This much I know…about John Tomsett’s book on teaching

I am 28 years old, I have been teaching for five years and this much I know about John Tomsett’s book on teaching.

John Tomsett is the headteacher of a large comprehensive school in York. He has been blogging about his experiences on teaching and school leadership for a number of years, leading to him drawing together his thoughts in this book This Much I Know about Love Over Fear: Creating a culture of truly great teaching. Tomsett states his intended audience to be school leaders, but as a classroom teacher myself (albeit with possible leadership aspirations) I found the book truly remarkable and inspiring.

Tomsett stresses the importance of cultures and values. He points out that the single most important factor to all teachers improving their practice is the school culture (p29). This struck a chord with me personally as I have always believed that if you put the correct cultures in place, the rest will follow. Previously I had perhaps looked at the need for a strong culture from a pupil perspective, but it is of course equally important to teachers. We must feel that we can improve, that we will be critically but constructively guided and, most importantly, that we want to improve.

In emphasising a focus on school culture, Tomsett is not naive and readily identifies the potential risks. Two risks in particular stand out: firstly, the risk that you don’t appear to be following the Ofsted model, which many would see as a precarious approach in the current political climate and secondly, that such an approach takes time and therefore the patience of stakeholders, neither of which seem to be abundant in said political climate.

To create a culture for truly great teaching, Tomsett talks about getting the conditions for growth right. This is something he has borrowed from Ken Robinson, who talks about taking an ‘agricultural model of education’ rather than a factory model (p90 and 188). Tomsett discusses the prevalence of fear in many aspects of the educational community at the moment, but recognises that fear destroys workplace culture like nothing else (p89). A key part of a positive school culture is about teachers’ relationships with students and that by improving those relationships, you improve teaching and learning (p97).

Instead of a climate of fear, Tomsett has tried to create a culture of reflective practice. To do this he explains that in his school, they make the subtle but incredibly powerful distinction that the emphasis needs to be on teaching and not on teachers – it is not about the person, but what they are doing (p12). This depersonalises all conversations about improvement and avoids people taking offence. In another point which perhaps goes against the prevailing wind in education at the moment, Tomsett discusses how comment-only feedback is recognised as a powerful tool for students and goes on to question why this is not the case for teachers.

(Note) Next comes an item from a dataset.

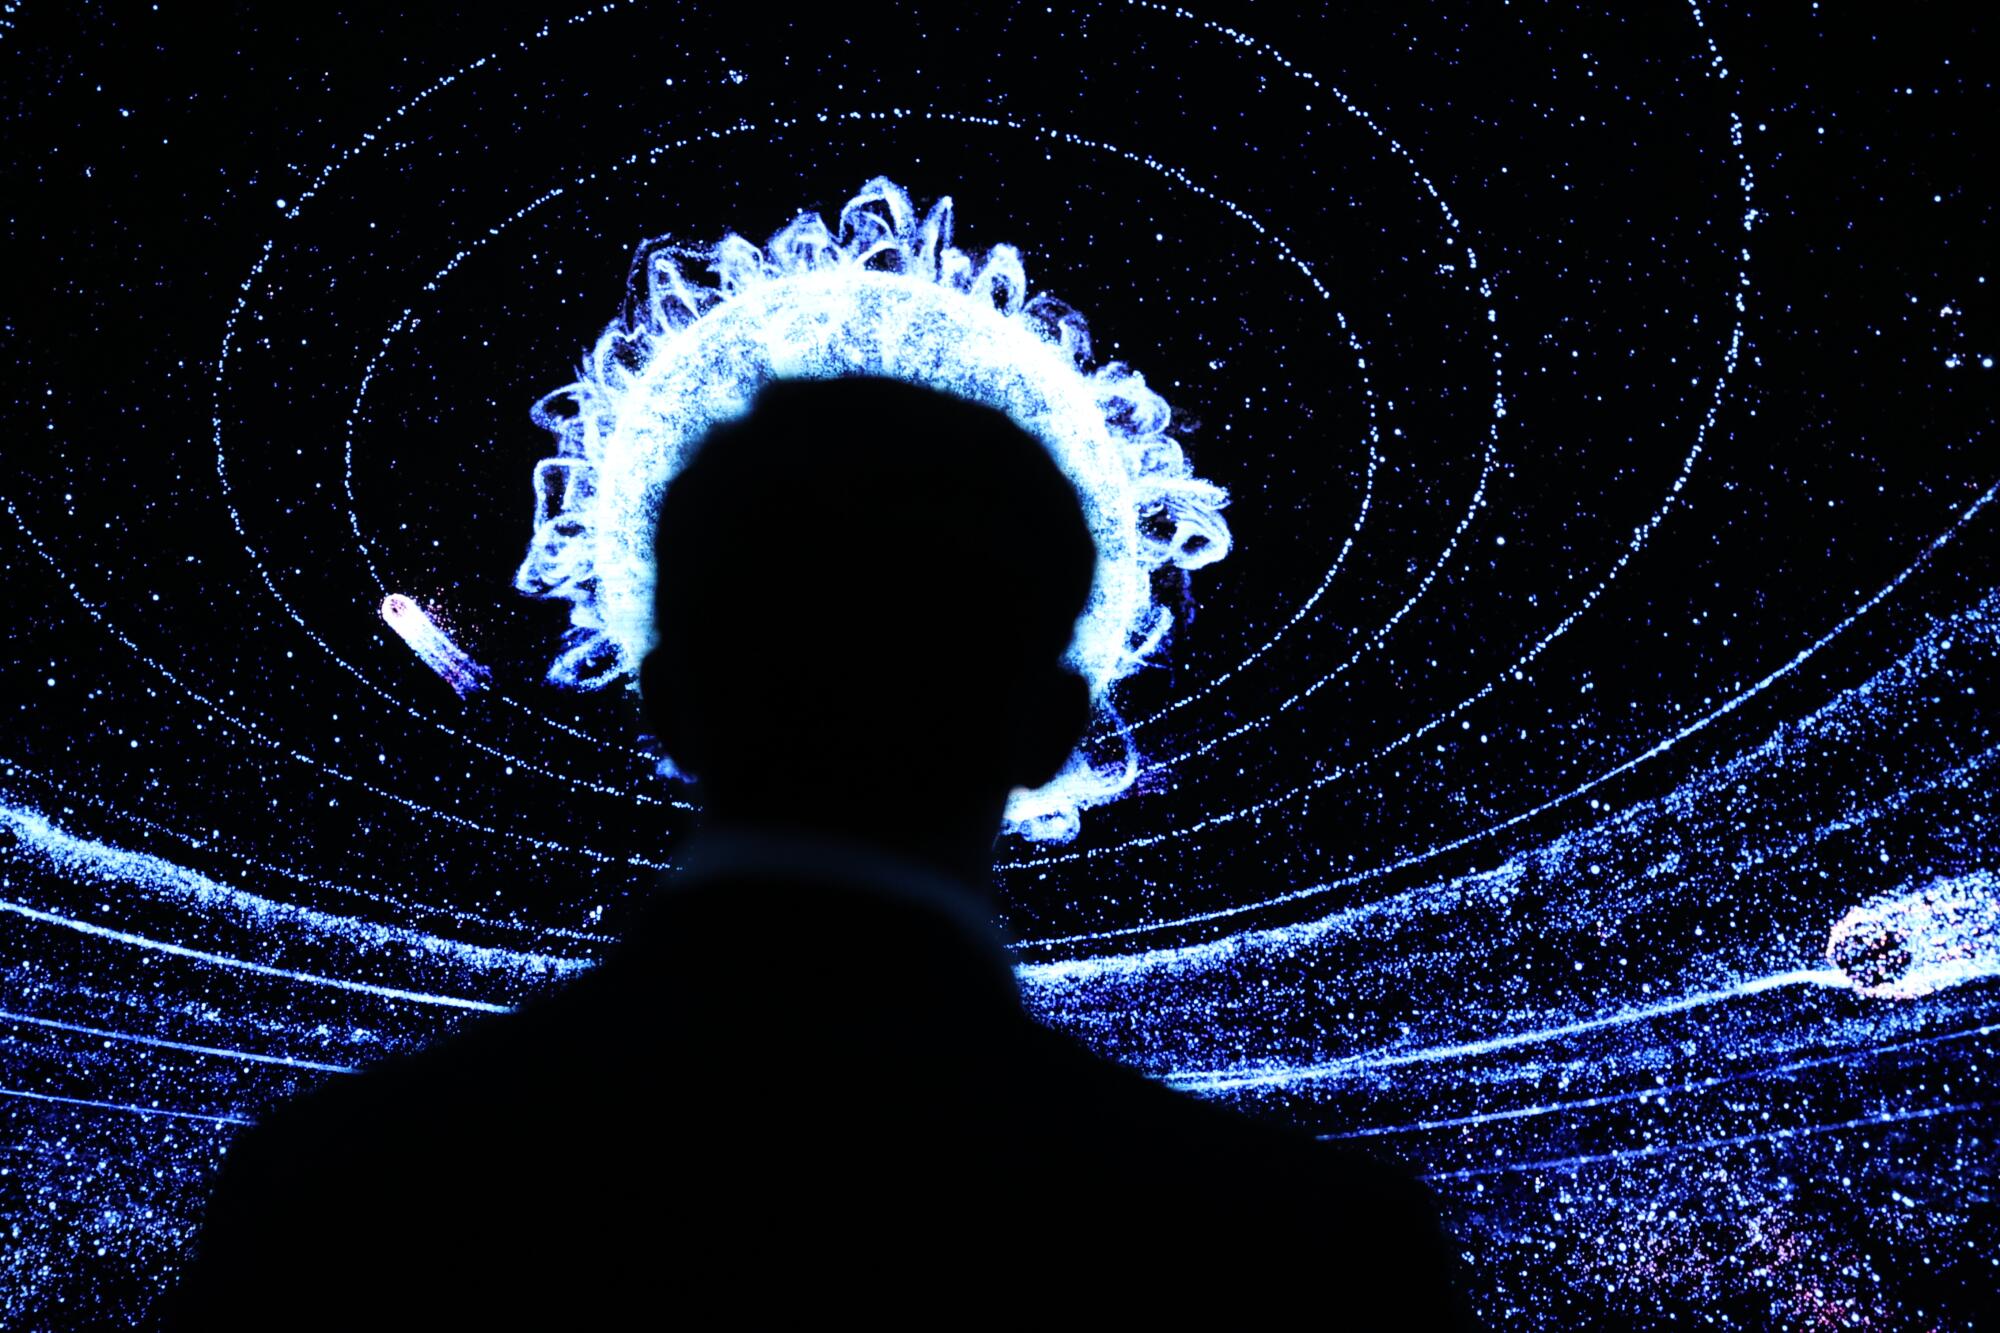 A audience member watches the "Seek" immersive show experience at Cosm.

Tomsett recognises that a school’s greatest resource is teachers and that teachers greatest resource is time. Therefore he makes sure that professional development is a part of all of his staff’s routine, but that it is worthwhile and not onerous. All of his school’s CPD is in-house, co-ordinated by one of his leadership team whose title is ‘Head of Research’. Tomsett sees the value of research but realises that it must be tailored to his school and staff, so established a role focused on doing just that. He also says that staff must come first, before students, as a well motivated staff is better for students.

Tomsett is clearly a very driven individual and the autobiographical elements of the book give you an appreciation of why. Thanks to his own working class background which Tomsett describes in the book, he is clearly morally driven as a teacher and school leader, with a full appreciation of the role of schools in social mobility. I think my favourite, mantra-like quote in the whole book is ‘a good education allows you to choose your path in life, and I don’t want one single student of mine to ever wonder what they’ve missed because they haven’t had a choice’ (p4). He goes on to say that to be any good at teaching it has to matter to you ‘in your chest’ (p36). This reminded me of the leaving speech of a colleague a few years ago who said that when you realise that your heart is no longer in the classroom, with the kids, then it is time to go because to stay would be unfair to the children.

John Tomsett has written a wonderful book in which he also discusses Dweck’s growth mindset, lesson planning and literacy. It is a wonderful read for anybody involved in education, far beyond current school leaders. Once I had read the book on a transatlantic flight, I leant it to a colleague in America who has worked as a school counsellor for over two decades. She found it an enlightened read, which had so much in common with the very best practice that she had heard about from the best school systems in the USA.

It is one of my favourite books on education. It will have a place on my bookshelf for the rest of my career, except when I am lending it to more colleagues!